[[ Raw data, beginning ]]
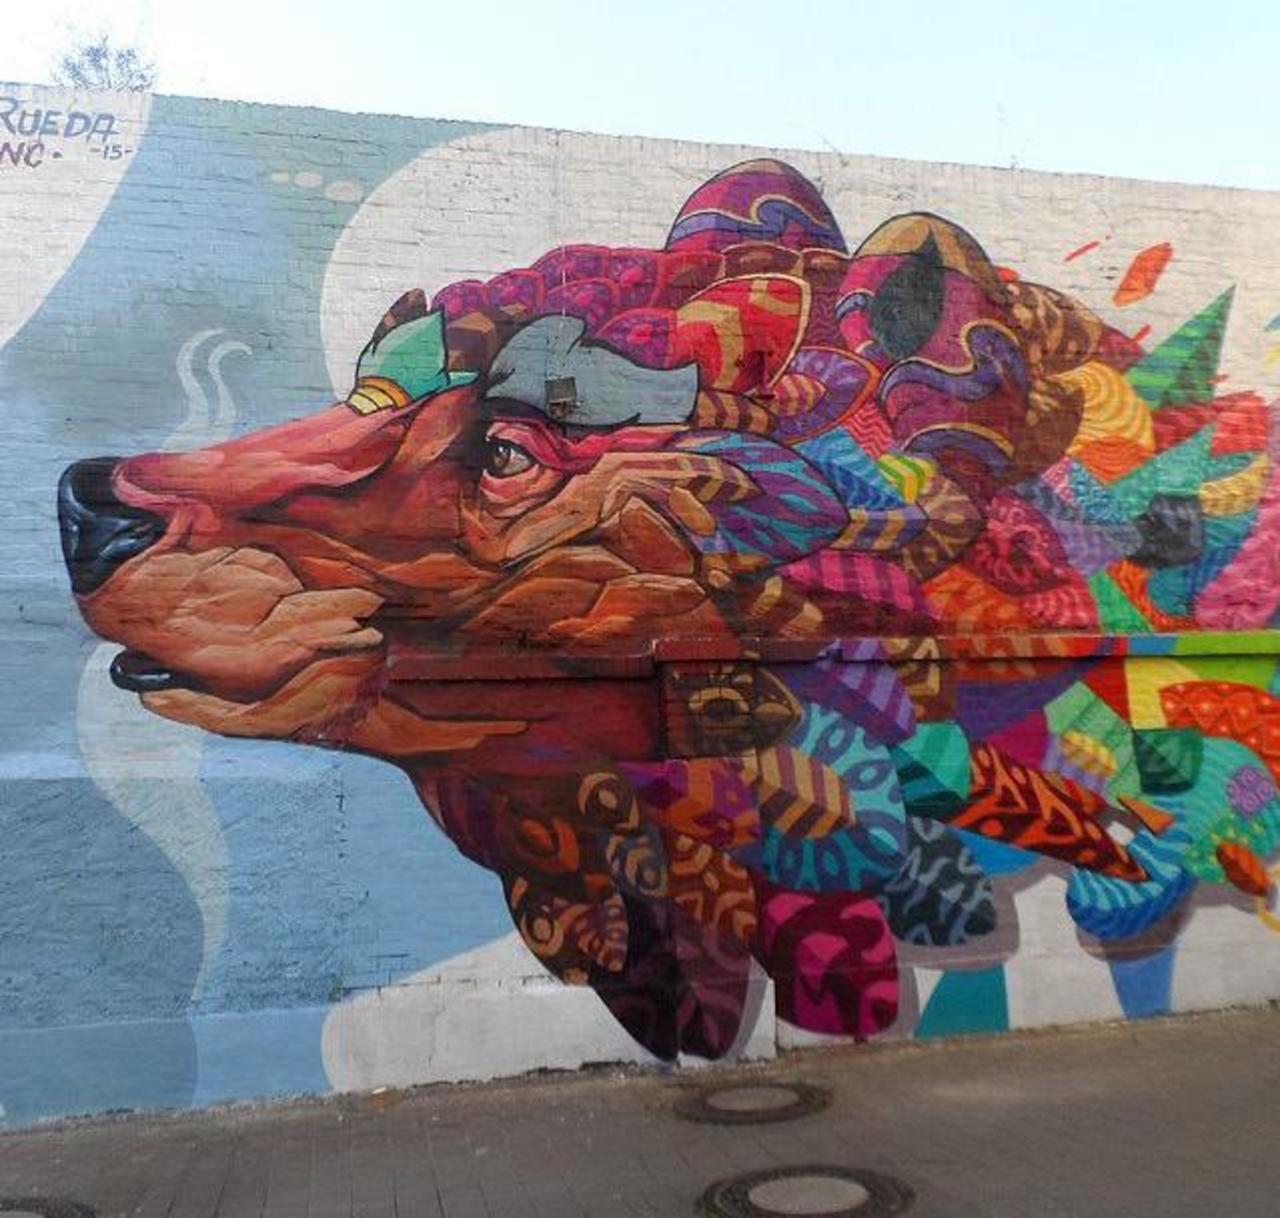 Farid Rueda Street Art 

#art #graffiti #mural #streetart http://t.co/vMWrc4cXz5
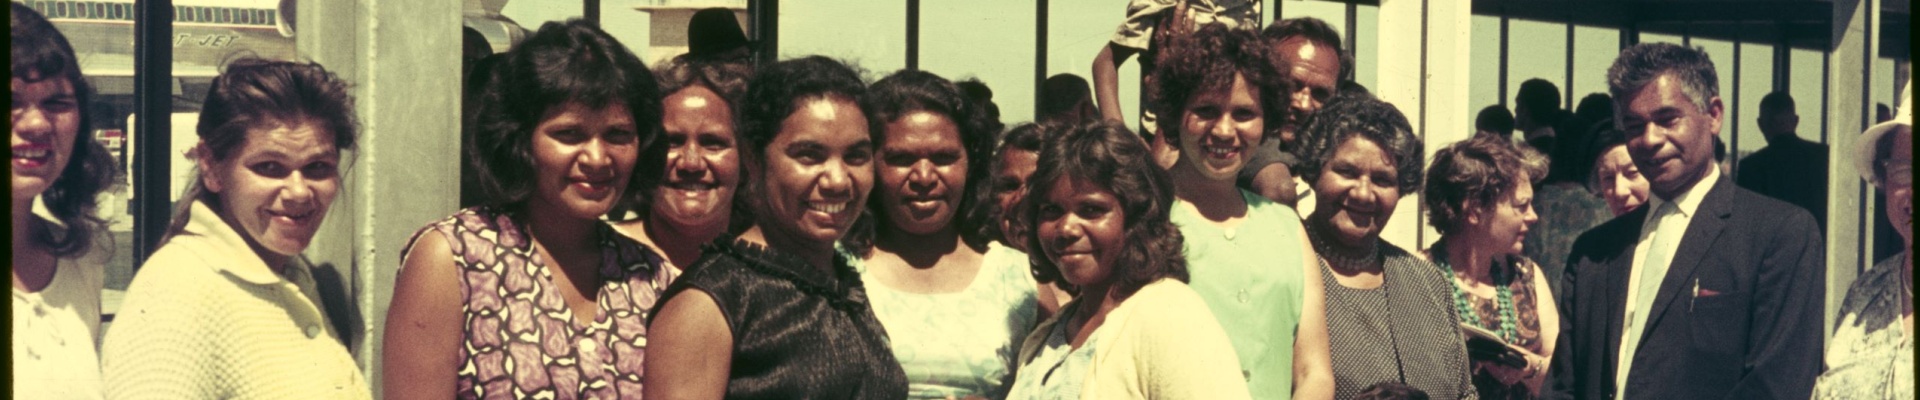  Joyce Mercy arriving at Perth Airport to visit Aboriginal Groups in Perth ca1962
[[ Raw data, end ]]
● Your assignment
What you need to copy is the run of lines from the one holding "#art #graffiti #mural" through the end of the data, exactly and only, both ends included, pictures omitted.

● Solution to this task
#art #graffiti #mural #streetart http://t.co/vMWrc4cXz5
  Joyce Mercy arriving at Perth Airport to visit Aboriginal Groups in Perth ca1962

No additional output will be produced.